Thirteen Spheres
In 1694, Isaac Newton and David Gregory debated whether or not thirteen non-overlapping spheres could simultaenously touch a central sphere. It was known that this was possible to do this with twelve spheres. They would never get a definitive answer, and a proof that this is not possible only emerged in 1953.
Above, we try to get a hint as to the answer by using an optimization technique known as simiulated annealing, so named because of its similarity to the annealing process of manipulating a material's final properties by heating it up and cooling it down in a slow and controlled manner. In essence, the technique works by starting at a random state, and by constantly modifying it slightly. We progress slowly to an optimal solution by accepting modifications that lead to worse outcomes with a probability less than 1. If the modification is better, we always accept it. We slowly decrease this negative acceptance probability to 0, in order to arrive at a final solution. By accepting worse outcomes with a certain probability we get to explore more of the state space than we would if we used a greedier algorithm.

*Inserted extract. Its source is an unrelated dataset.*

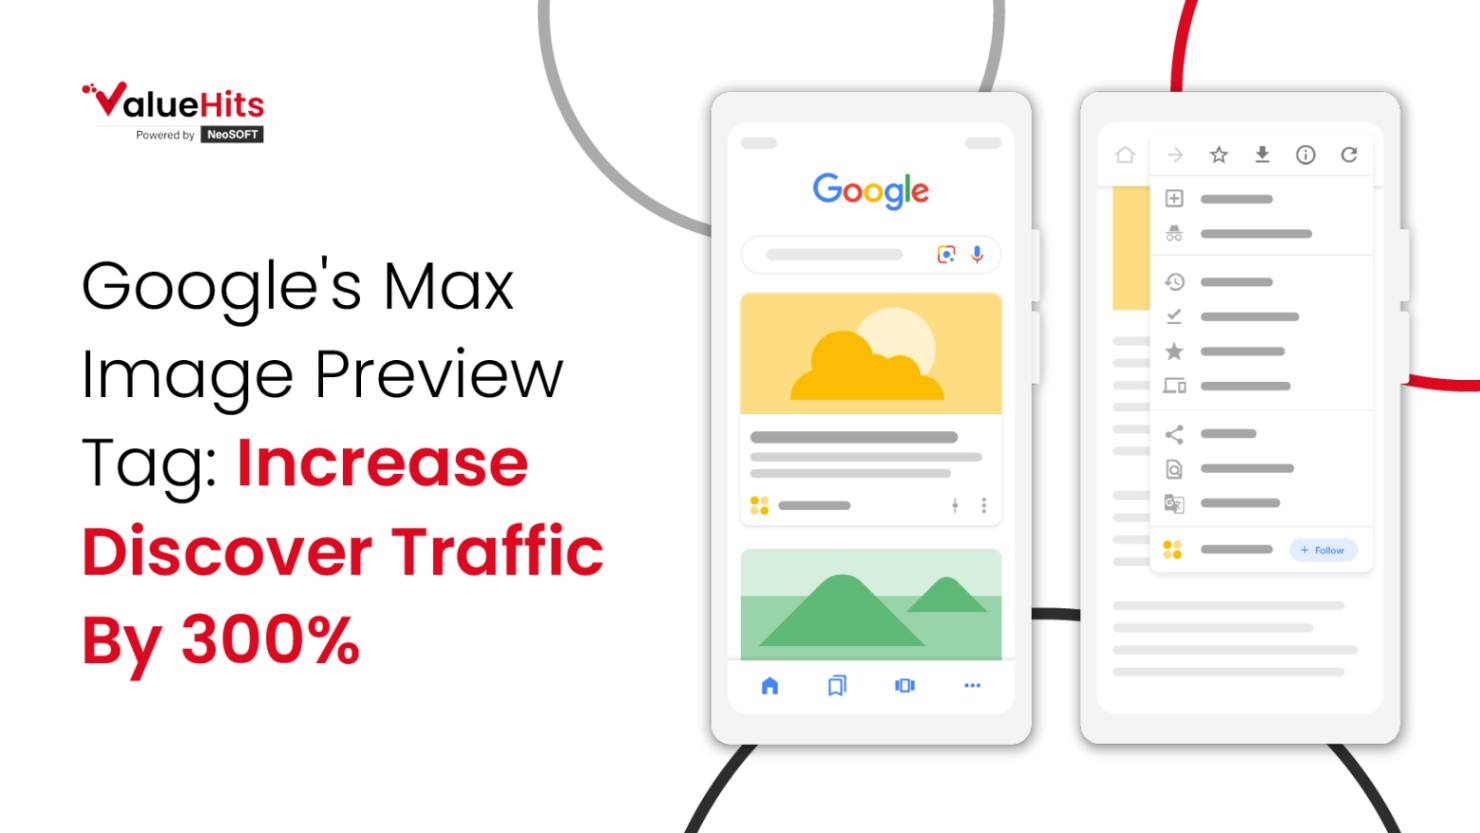 Google's Max Image Preview Tag: Increase Discover Traffic By 300%

In the case of the thirteen spheres, we place the spheres randomly. Then we proceed by slightly nudging the location of one of the spheres. In each case, we calculate the maximum radius, \(R\) that the spheres can have without overlapping, and accept the new configuration with some probability less than one if the maximum radius has gotten smaller. To converge on a final solution, I decrease this negative acceptance probability according to the formula \[p=0.2 \exp(-t/5000),\] where \(t\) is the number of milliseconds that the animation has been running.
To make it clear which spheres are limiting the maximum size of the spheres, I have coloured the touching spheres red.
In the case of 13 spheres, we usually land at a final radius of between 0.9 and 0.91, which suggests that it may not be possible to simultaneously position 13 spheres of unit radius.
Of course, this technique applies to any number of spheres, not just 13. In the case of 12 spheres, the algorithm readily discovers that you can simultaneously place 12 unit spheres, and in fact you can position somewhat larger spheres, with a radius of around 1.1.
Simulated annealing is a very widely used optimization technique because of its extreme simplicity and generality. For the technique to apply, all you need is to have some notion of modifying the configuration to a nearby one.
Simulated annealing is an example of a Monte Carlo Markov Chain technique by the way that states are selected at random and future states are selected probabilistically.
On the other hand there are some shortcomings to the simulated annealing algorithm. Doing the algorithm repeatedly can be slow, especially if it slow to compute the cost function. The algorithm also uses very little information about the problem, which can make it inefficient. For instance, when the landscape of the cost function is smooth, stochastic gradient descent would be a better choice.
The simulated annealing algorithm works better the more moves you make and the slower you decrease the acceptance probability. In the demonstration, we decrease the temperature faster than you probably would if you were serious about finding an optimal solution.
There are some theorems that have been proven regarding the convergence of the simulated annealing algorithm to the optimal solution, but these generally require an impractical number of moves to be made, and are not relevant to practice.
I got the idea to study this problem from watching this video by the École Normale Supérieure, which covers exactly this topic.